A pesar de los continuos avances, las técnicas de IA (Inteligencia Artificial) aplicadas en los videojuegos son a menudo las mismas. Máquinas de Estados Finitas o el algoritmo A* son algunas de las m as comunes, estando presentes en casi todos ellos.
En este documento se propone el diseño e implementación de un sistema de planificación de acciones GOAP combinado con lógica difusa como alternativa sencilla a las máquinas de estados con el fin de mejorar tanto el rendimiento del juego como la facilidad de su desarrollo. Además, se introduce el concepto de Inteligencia de Enjambre con el uso del algoritmo PSO (Particle Swarm Optimization) como estrategia de búsqueda aplicada en un videojuego. La implementación de dichas técnicas de IA se realizará sobre un videojuego sencillo de género Shooter empleando el motor de juego Unreal Engine, uno de los más potentes del mercado y empleado en numerosos videojuegos actuales de renombre.
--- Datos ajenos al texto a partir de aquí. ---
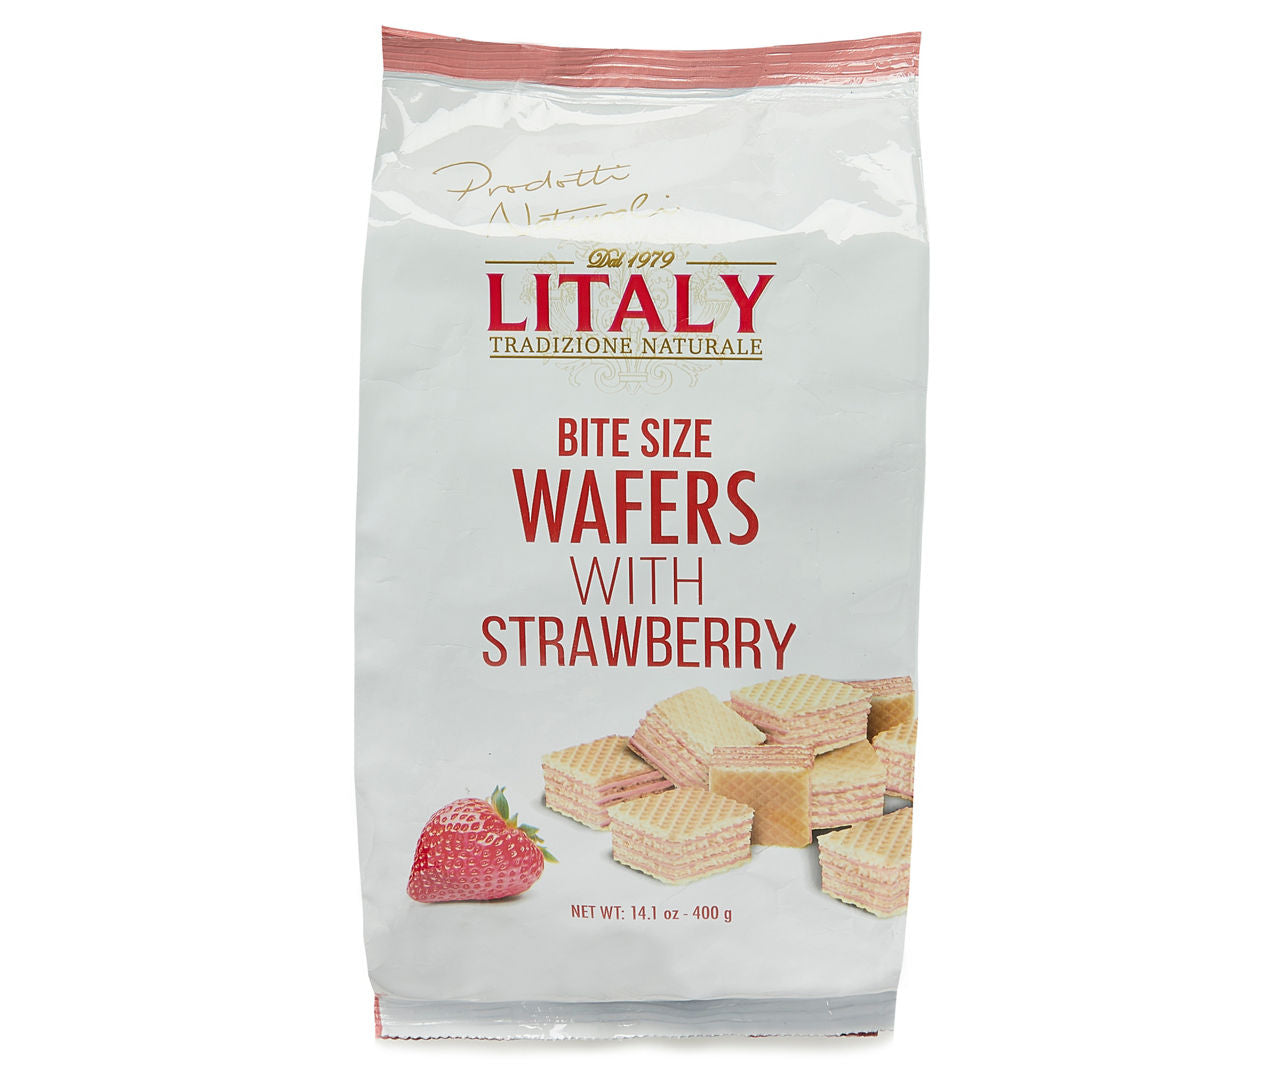 Litaly Bite Size Wafers with Strawberry 14.1 oz

ABSTRACT: Research on Artificial Intelligence and videogames have always been joined, the latter being the perfect benchmark to test the most recent improvements of AI on real life problems. Non-Player Characters (NPCs) allow us to crate an interactive experience in videogames to simulate real life situations in the most realistic and accurate way.
Despite the continuous developments, AI (Artificial Intelligence) techniques applied on videogames are usually the same. Finite State Machines or A* algorithm are some examples of the most common ones, these being present in nearly every game.
This document proposes the design and implementation of a GOAP action planning system combined with fuzzy logic, as a simple alternative to Finite State Machines in order to improve the performance as well as the ease of its development. In addition, we introduce the concept of Swarm Intelligence with the PSO (Particle Swarm Optimization) algorithm as a pathfinding strategy applied to a videogame. The implementation of these techniques will be made in a simple shooter game by using Unreal Engine, one of the most powerful game engines in the market, currently used in a large number of renown games.